Before the draft matured and was paid, however, the Delta Bank Trust Company failed in business, closed its doors and was taken over for liquidation by the state banking department, and the appellant was notified of that fact. The insolvency and suspension of business of the forwarding bank terminated whatever authority the appellant had or might have had to credit the proceeds of the draft as a payment on the debt due it by such bank, and since the appellant collected the draft and credited the proceeds to the debt of the defunct bank after notice of its insolvency and bankruptcy, we think the appellees, the owners of the draft, are entitled to recover from the appellant the amount so collected and credited.

In discussing the effect of the insolvency and bankruptcy of a forwarding bank upon the agency of the *Page 828 collecting bank and its right to credit the proceeds of a draft to the account of the defunct bank, the supreme court of the United States, in the case of Old National Bank of Evansville v.
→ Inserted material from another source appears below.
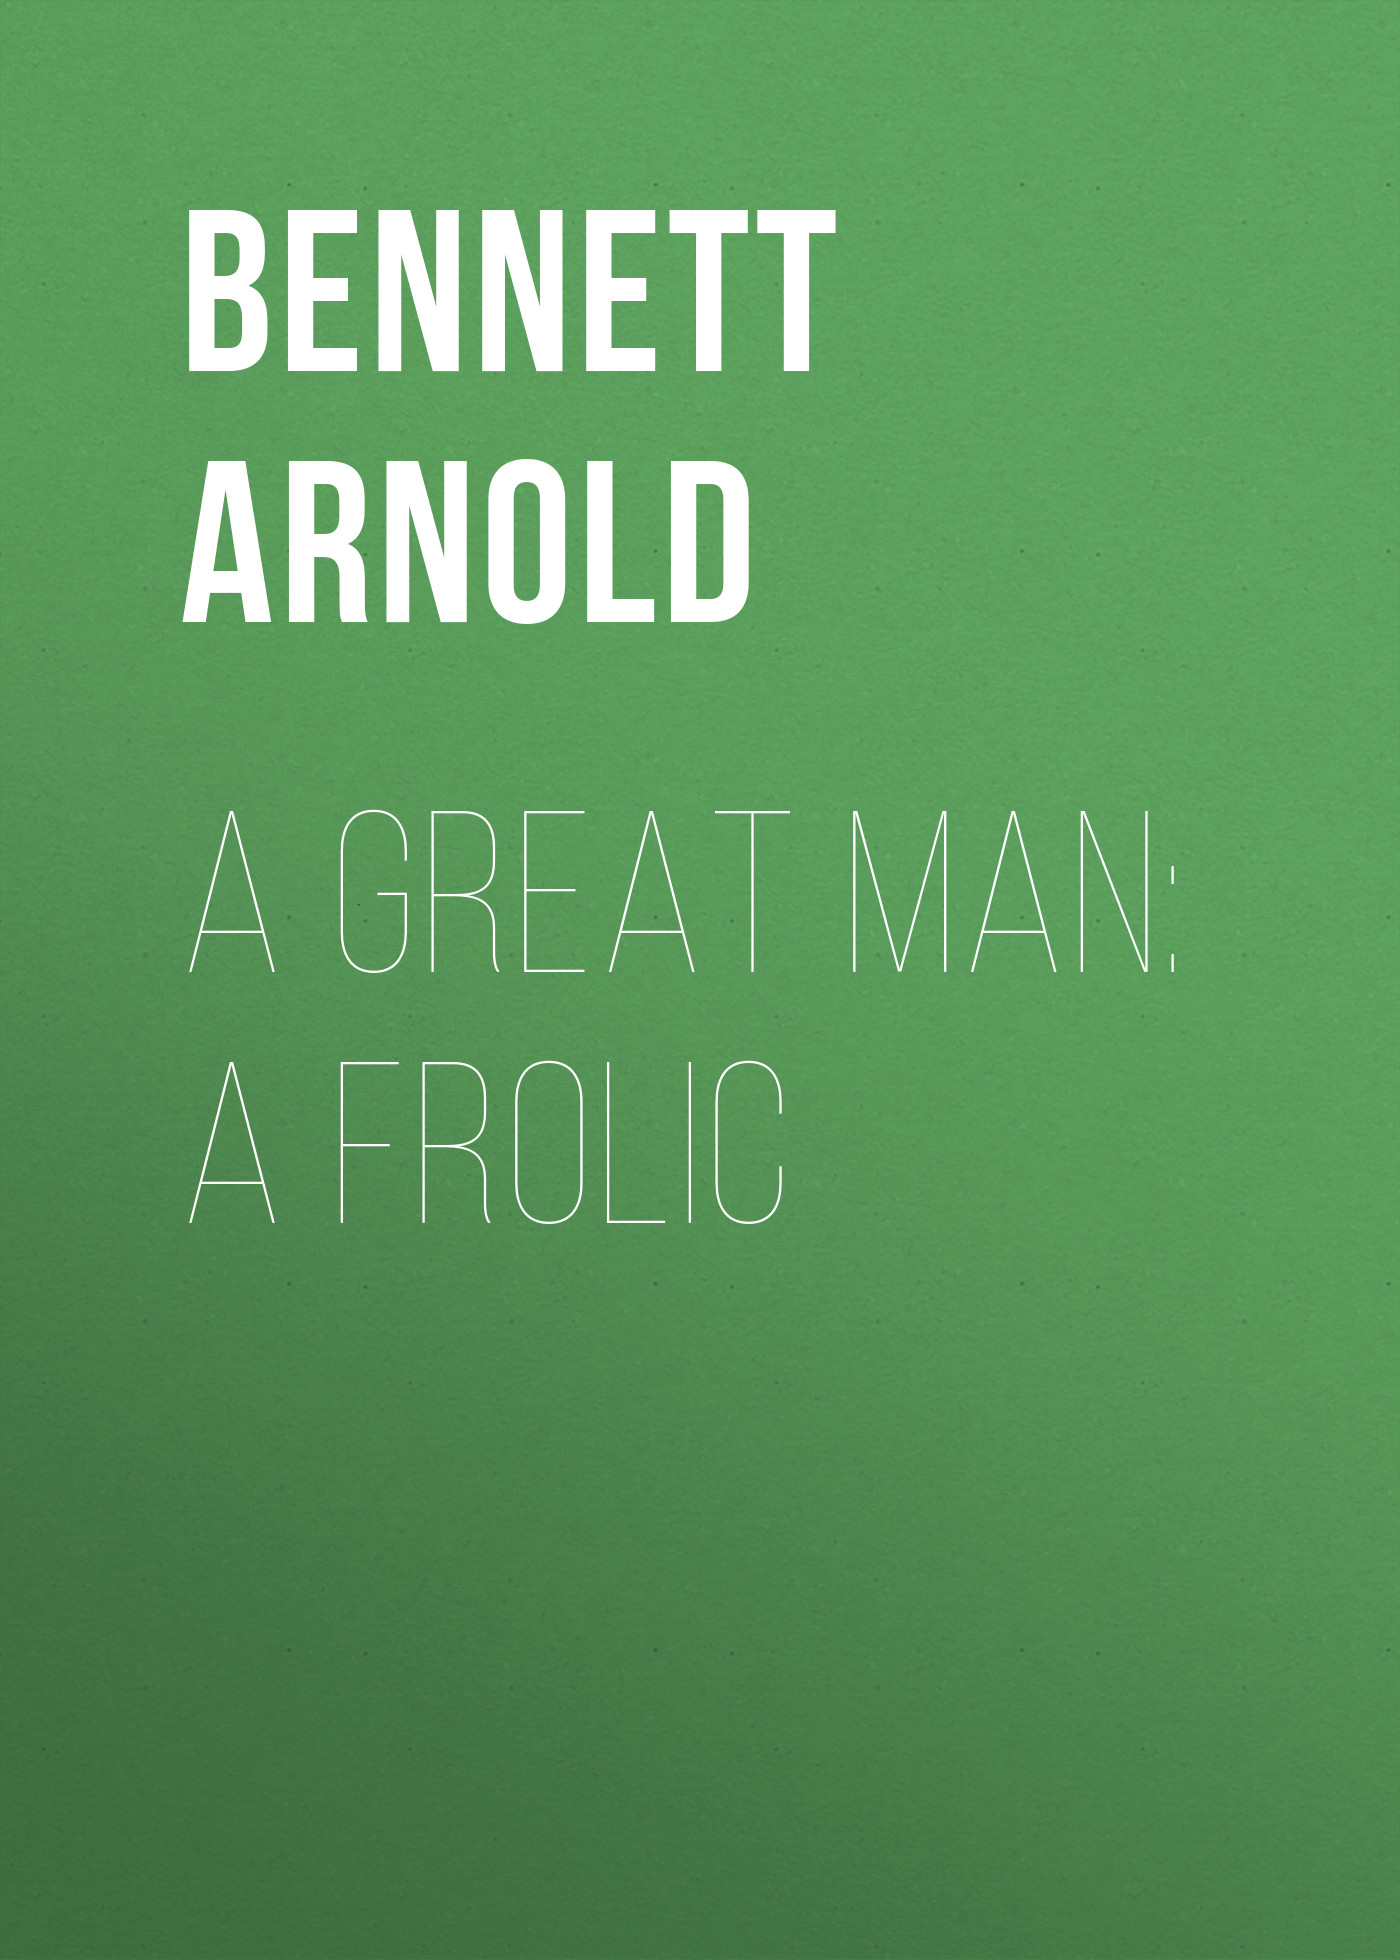 Книга A Great Man: A Frolic из серии , созданная Arnold Bennett, может относится к жанру Иностранные языки, Зарубежная старинная литература, Зарубежная классика. Стоимость электронной книги A Great Man: A Frolic с идентификатором 24171468 составляет 0.90 руб.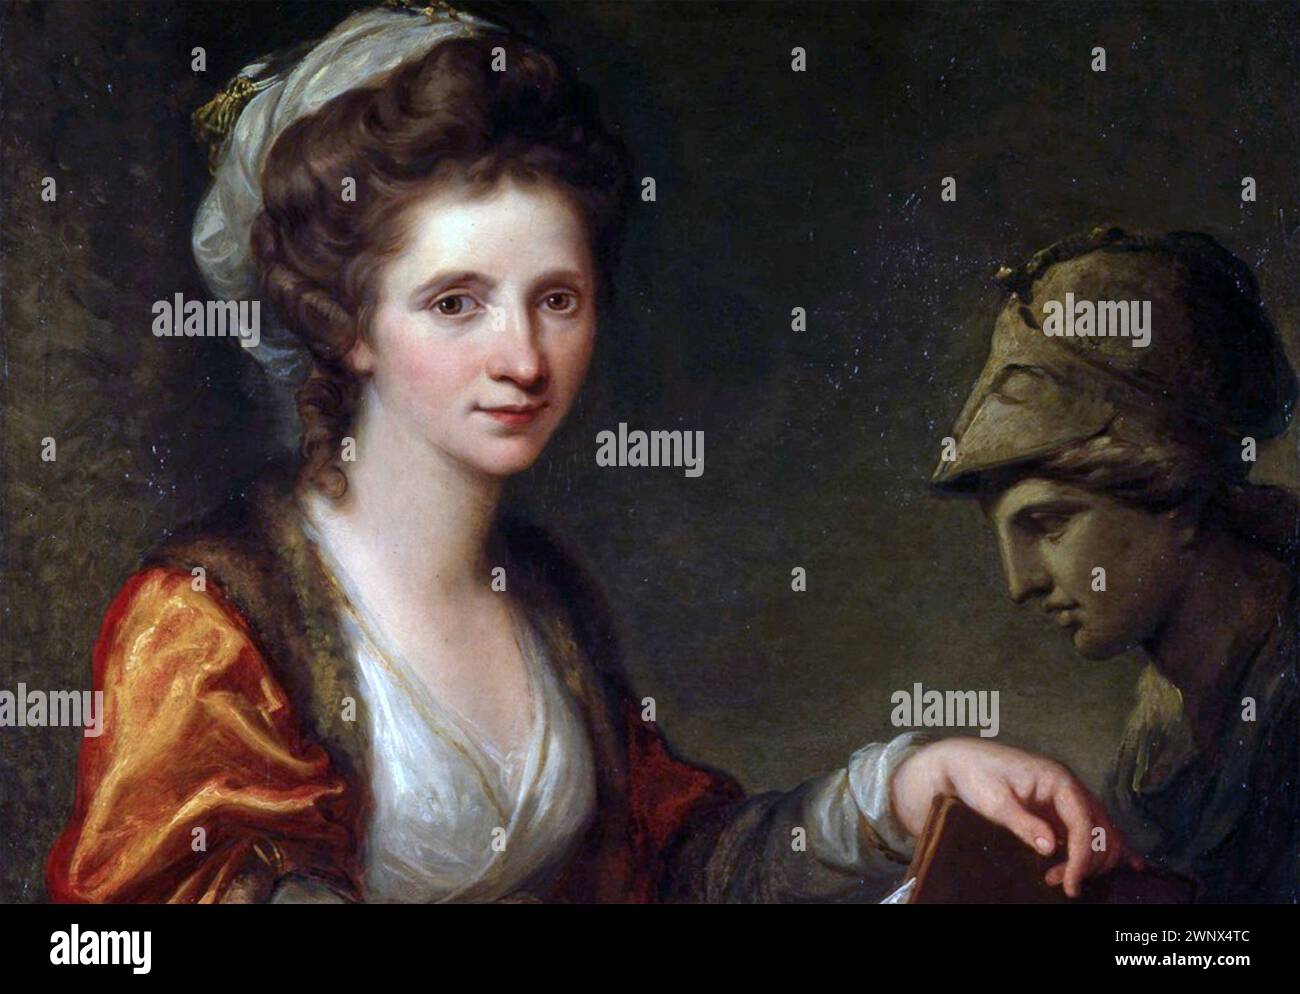 ANGELICA KAUFFMAN (1741–1807) Schweizer neoklassizistische Malerin. Teil ihres Selbstporträts mit Minerva, gemalt 1791 in Rom Stockfoto

German-American National Bank, 155 U.S. 556, 15 S.Ct. 221, 39 L.Ed. 259, said:

"The contention of the defendant is that it paid the moneys which it received to the party from which it received the draft, to-wit, the Fidelity Bank, which was the agent of the owner. It is not pretended that it ever forwarded to the Fidelity Bank the cash therefor, but the claim is that it credited such amount on the account of the Fidelity Bank, the Fidelity being at the time indebted to it, and that this is equivalent to an actual payment of money. The difficulty with this contention is that, at the time this credit was entered by the defendant, the Fidelity was not in a condition to receive credit or make any settlement; it was insolvent, and in the custody of the officers of the law. . . . At the time this examiner took possession the business of the bank stopped, and the authority of the directors and officers ceased. They could not thereafter make any settlement with the defendant to the prejudice of the rights of third parties."

In the case of Morris Co. v. Alabama Carbon Co., 139 Ala. 620, 36 So. 764, where the facts are very similar to those in the case at bar, the court said:

"The assignment of and cessation of business by the Commercial Bank of Selma, occurring previous to the collection of the draft, operated to terminate the agency of the bank, and to forestall whatever right defendants might, in the absence of those occurrences, have had to retain the proceeds of the draft as a payment of the debt due them by that bank, and the plaintiff, as the equitable owner of these proceeds, had the right to recover therefor as for money had and received to its use."

The decree of the court below will therefore be affirmed.